The first two witnesses are not firearms expert and therefore incapable of identifying a weapon, they said.

The case was built on an incomplete investigation, they argued, noting it was initially filed on the testimony of the first two witnesses and the third was introduced only towards the end of the trial.

The defence also questioned why none of the witnesses had reported seeing the pistol at the time. The photo is also inadmissible as it does not link Adeeb to the pistol, they argued.

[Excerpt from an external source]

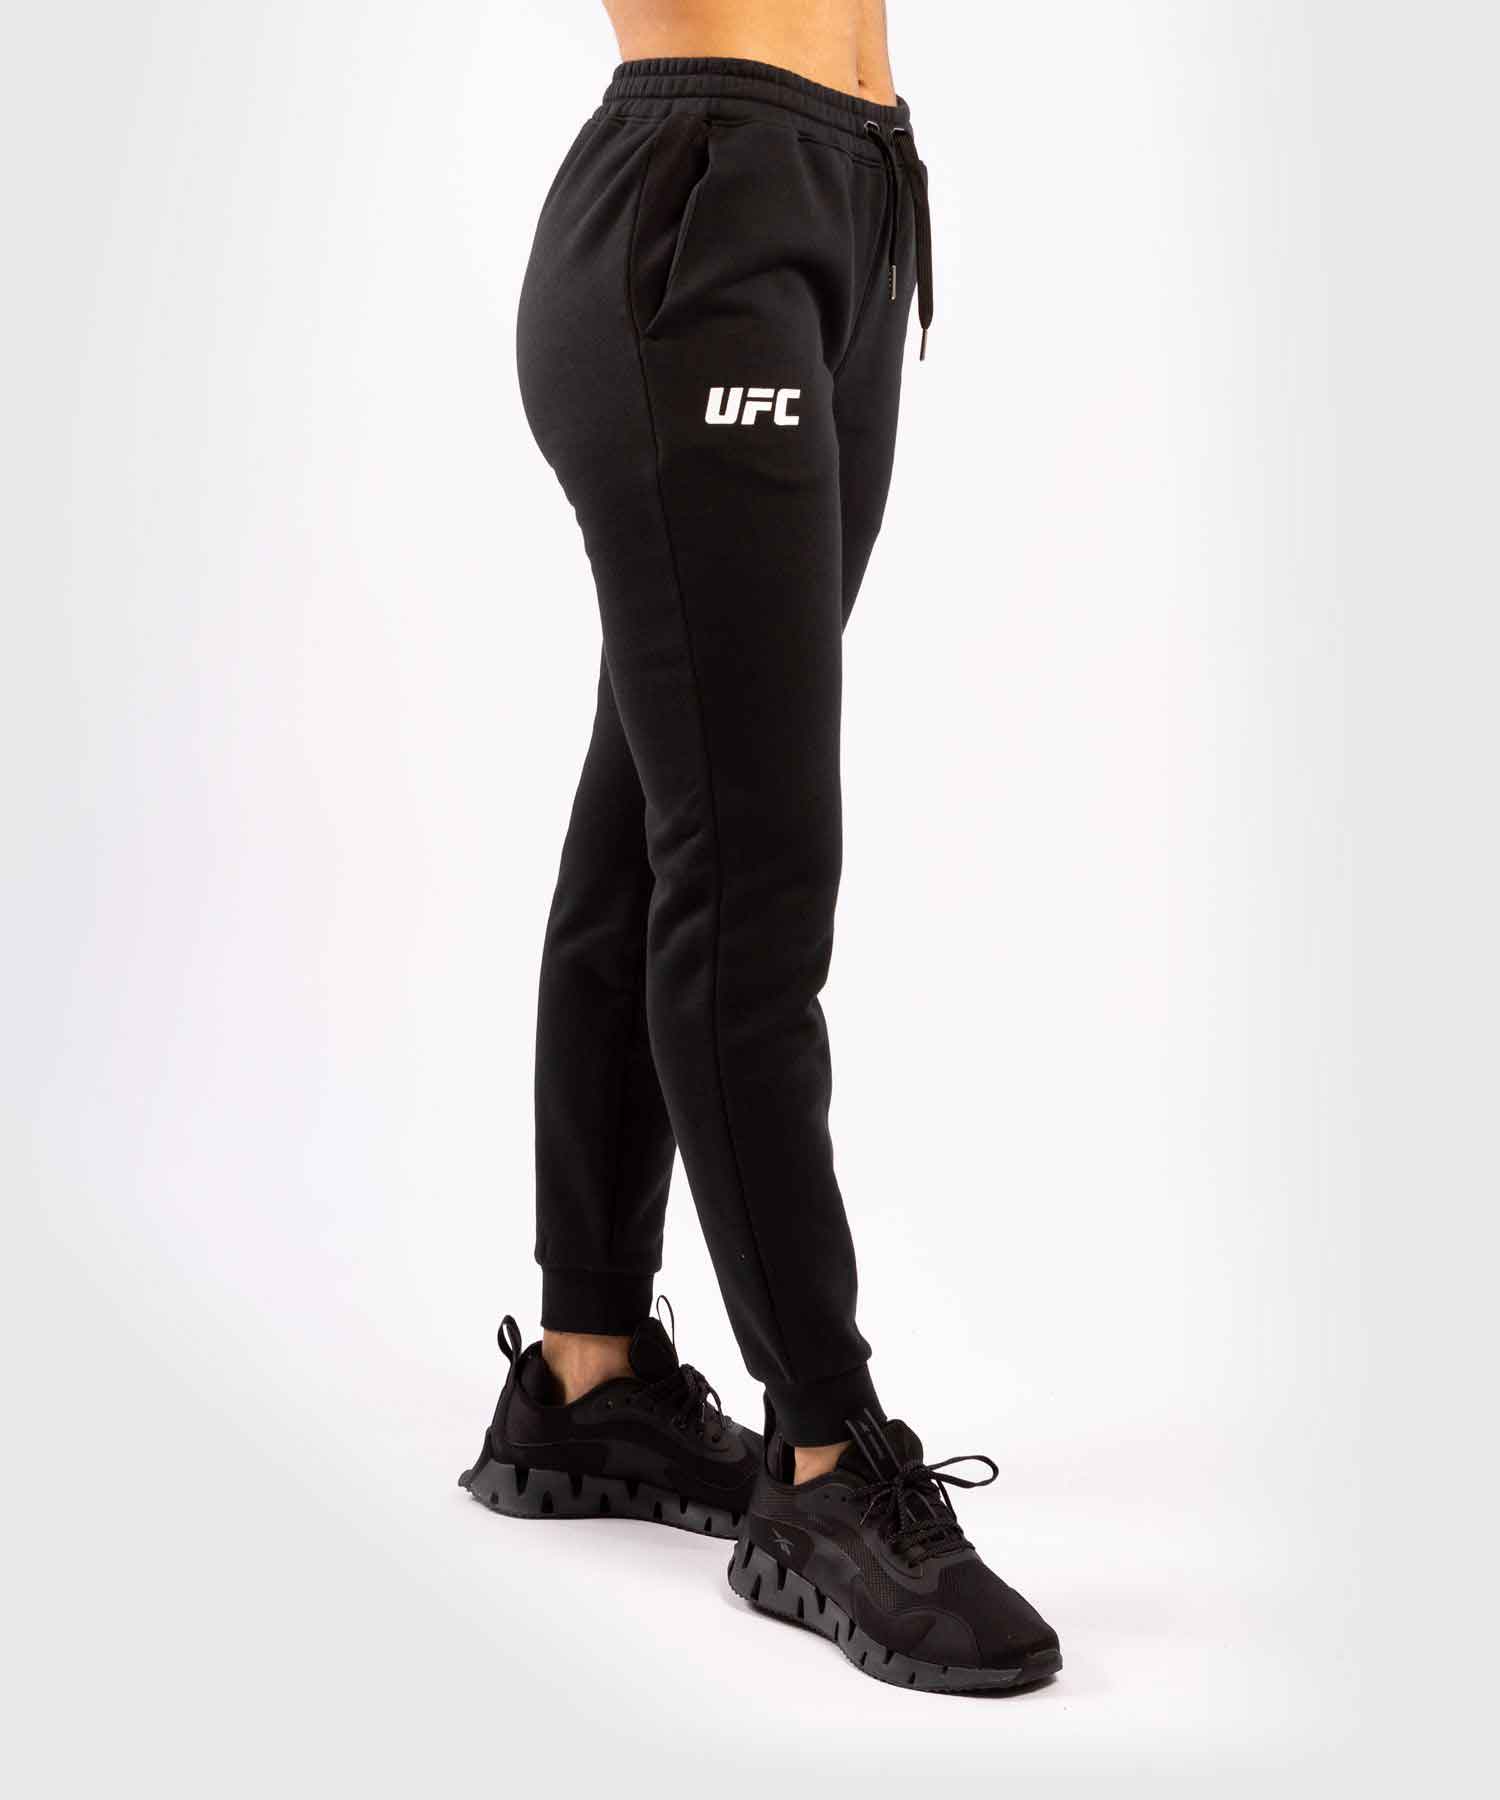 VENUM WOMEN／レディース　スウェットパンツ　　UFC VENUM REPLICA WOMEN'S PANTS／UFC VENUM レプリカ レディース パンツ

The charge of terrorism is trumped up, they continued. If Adeeb is to be found guilty, the court must consider the fact the weapon was never used to cause harm and that the new penal code sets a maximum jail term of one year for the charge of carrying a firearm, they said.


Adeeb is accused of aiding the embezzlement of US$5million paid to the state tourism promotion firm, the Maldives Marketing and Public Relations Corporation, in May 2014.

The amount was paid by Kuredu Holdings as the acquisition cost for the island of Maabinhuraa in Lhaviyani Atoll.

Adeeb is charged under the 1968 penal code.

Abdulla Ziyath, the then-managing director of MMPRC, and Hamid Ismail, an influential businessman, are also on trial in the same case. Ziyath is charged with embezzlement and Hamid is charged with money laundering.

The money was embezzled through Hamid’s Millenium Capital Management and a second company owned by Adeeb’s family, Montillion Pvt Ltd, prosecutors have said.

Key testimony includes that by two employees of MCM who said Adeeb had informed them of the US$5million deposit and said they had returned US$4million to Adeeb in four cheques of US$1million.

The pair had claimed Hamid was unaware of the transactions.

The defence had questioned the reliability of the two witnesses, noting Amjad Ismail was Hamid’s brother and Ahmed Nizam was the general manager of MCM.

Adeeb’s lawyers also claimed prosecutors had failed to submit sufficient evidence linking Adeeb with the MMPRC transactions.